Goto

Collaborating Authors

Task-Free Continual Learning via Online Discrepancy Distance Learning

Neural Information Processing Systems

Learning from non-stationary data streams, also called Task-Free Continual Learning (TFCL) remains challenging due to the absence of explicit task information in most applications. Even though recently some algorithms have been proposed for TFCL, these methods lack theoretical guarantees. Moreover, there are no theoretical studies about forgetting during TFCL. This paper develops a new theoretical analysis framework that derives generalization bounds based on the discrepancy distance between the visited samples and the entire information made available for training the model. This analysis provides new insights into the forgetting behaviour in classification tasks. Inspired by this theoretical model, we propose a new approach enabled with the dynamic component expansion mechanism for a mixture model, namely Online Discrepancy Distance Learning (ODDL).
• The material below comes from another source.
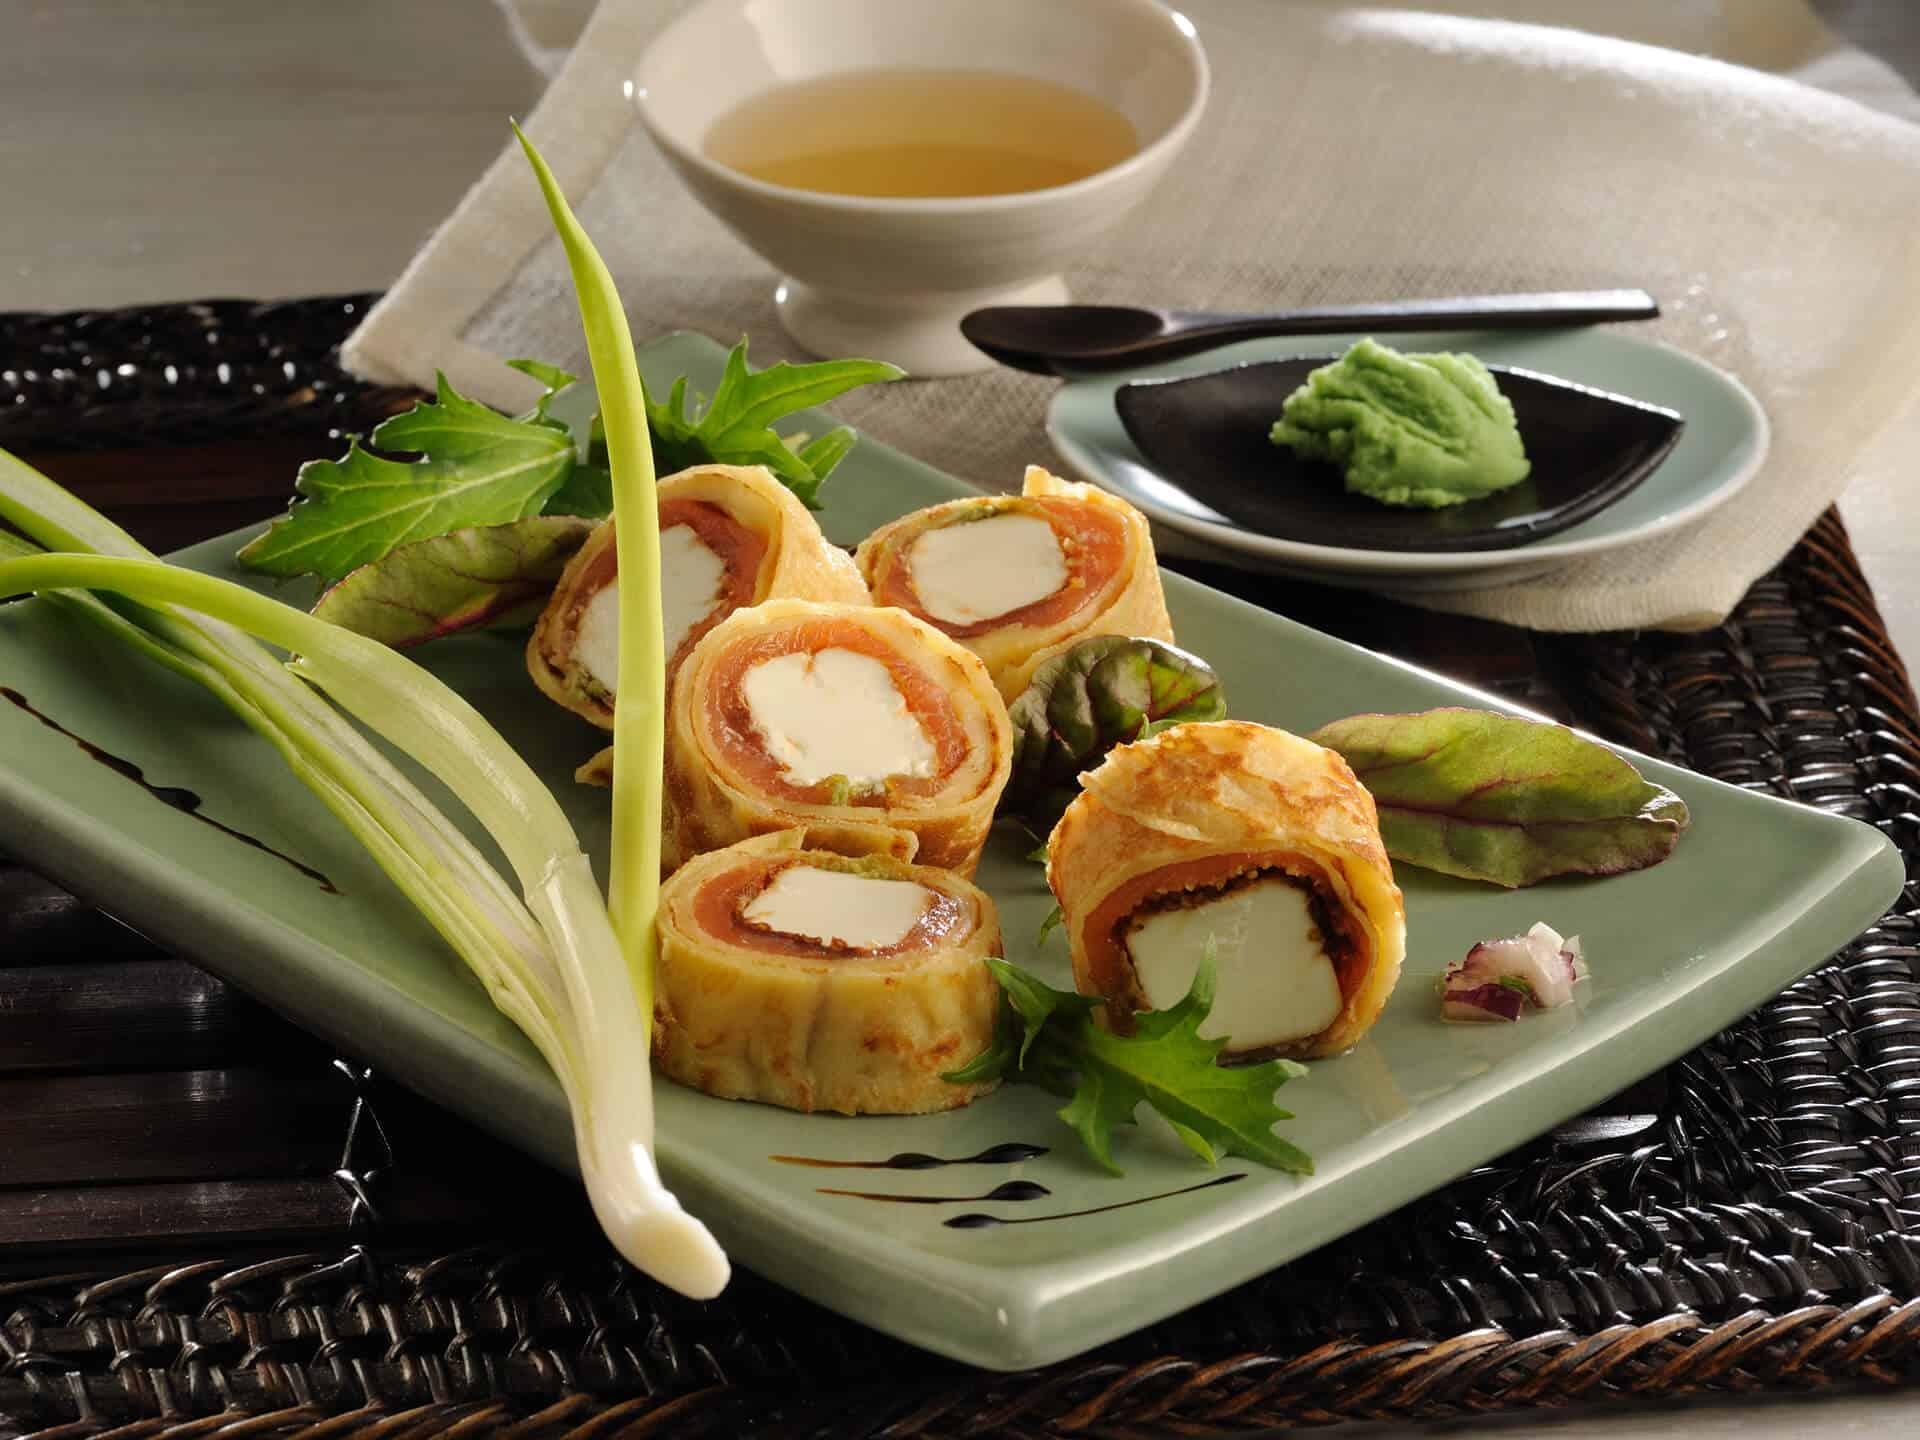 Perfektes Fingerfood für Brunch: Pfiffige Lachspfannkuchen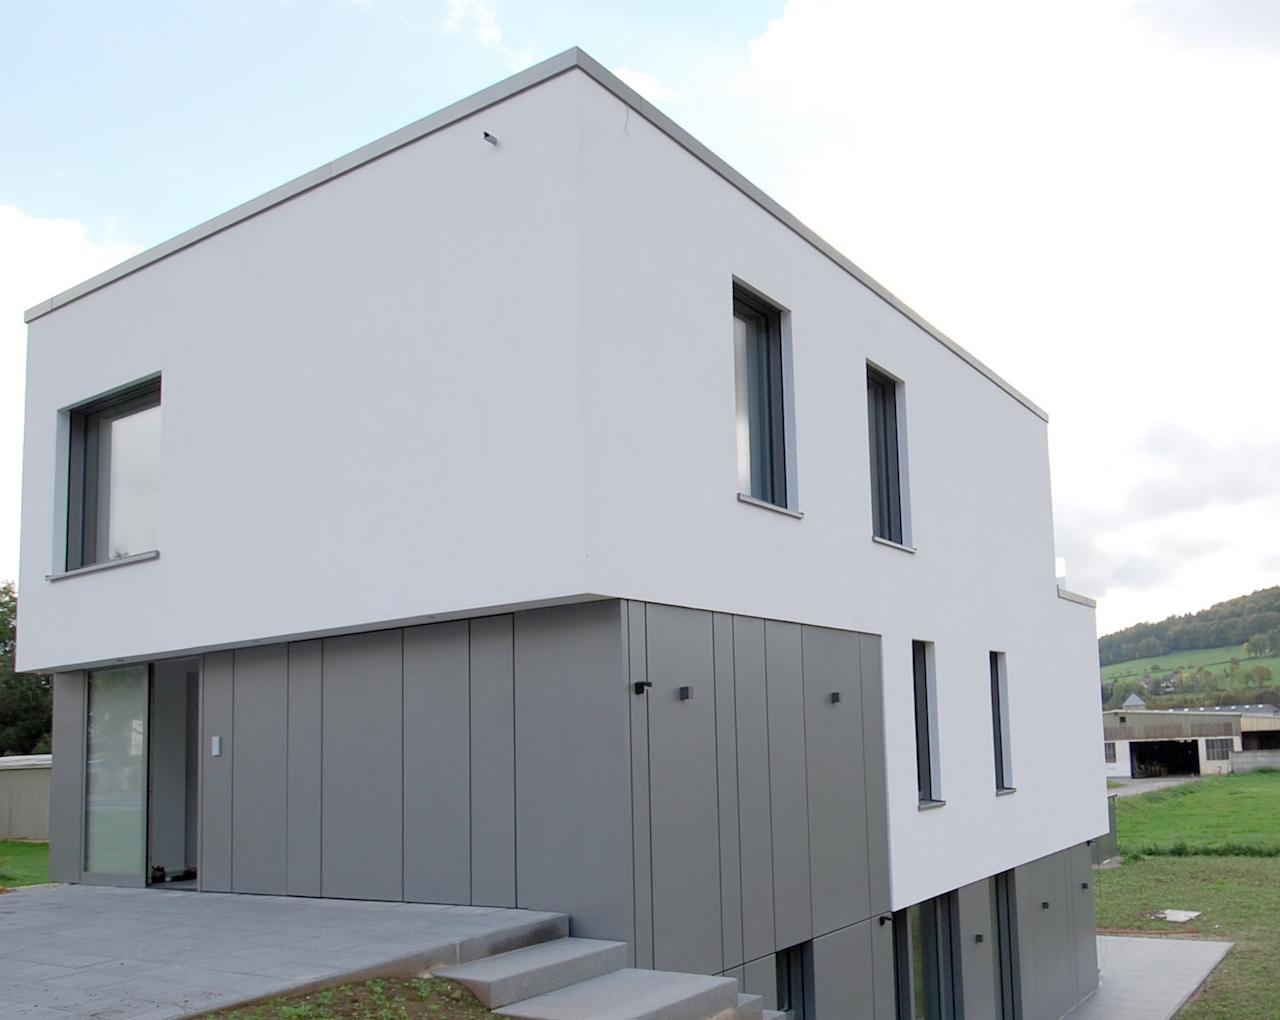 Maison unifamiliale passive à Diekirch

ODDL estimates the discrepancy between the current memory and the already accumulated knowledge as an expansion signal aiming to ensure a compact network architecture with optimal performance. We then propose a new sample selection approach that selectively stores the samples into the memory buffer through the discrepancybased measure, further improving the performance. We perform several TFCL experiments with the proposed methodology, which demonstrate that the proposed approach achieves the state of the art performance.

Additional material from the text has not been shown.